All rights reserved.






19 thoughts on “Mam

  1. It happens with most of us at certain point in life..but remember one thing ..nobody could have made our parents happier than we did and that happiness stems right from our infancy ..our smiles, our crying, our tantrums, our dreams.
    We unknowingly help in making their lives better and we should cherish it forever, instead of lamenting over lies(our part of the story), isn’t it ?

  2. She must have been proud of that young woman so hungry for life, so eager for it that she left without looking back.
    She must have been proud of your autonomy, of how you didn’t need her.
    Yes, it probably hurt, because it always hurts when our kids leave the nest. But there is also such pride when we see them ably handle their life.

    Don’t feel guilty or selfish. She loved you, she said so herself. What use would she have had to lie with her last breath? Just accept it for what it is, are last gift to you, the gift of acceptance of you for all that you were, hr way of telling you that she was proud of you. That you are enough.

    If she’d wanted you to change your life for her, she would have told you about her health troubles before. She didn’t. There is nothing you could have done differently that would have made her happy.

    These are all the things I read into her last words to you.

    Sending love and hugs for this upcoming difficult time.

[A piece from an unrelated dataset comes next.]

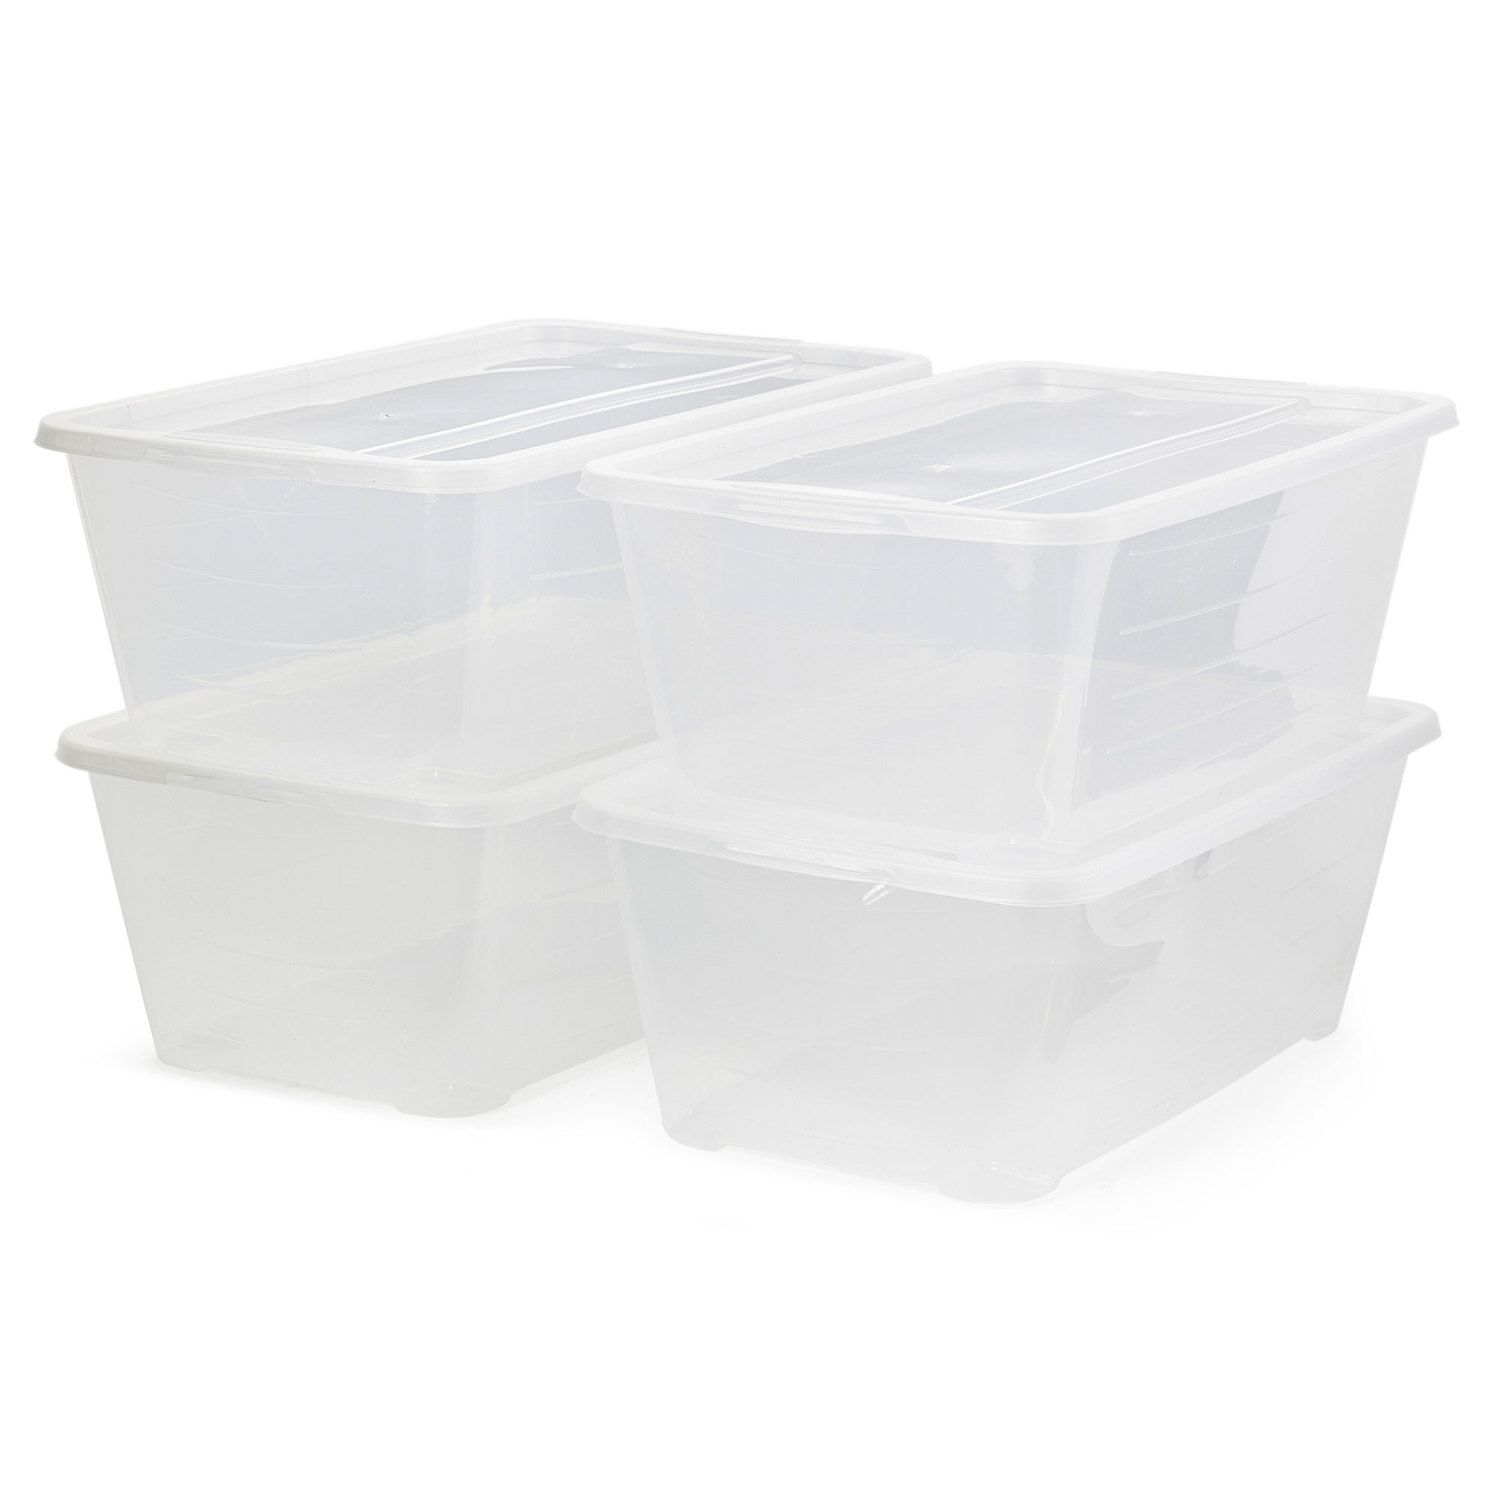 Life Story 5.7 Liter Clear Shoe/Closet Storage Box Stacking

  3. I’m so sorry Kat. It’s a sad thing that when someone we love dies, we’re left thinking ‘I wish’ – I wish I could have told them I loved them, or did they love me etc. All of those emotions are there under the surface, it’s just we’re all so bad at communicating them. But really she knew how much you loved her and you did the best thing to show that – to be holding her hand as she slipped away. That will be the thing that was in her mind – how much she loved her kids and how grateful she was to have you with her.
    Take care these next few days and how lovely to know that you’ll be smiling too on Sunday, at happy memories of a funny lady.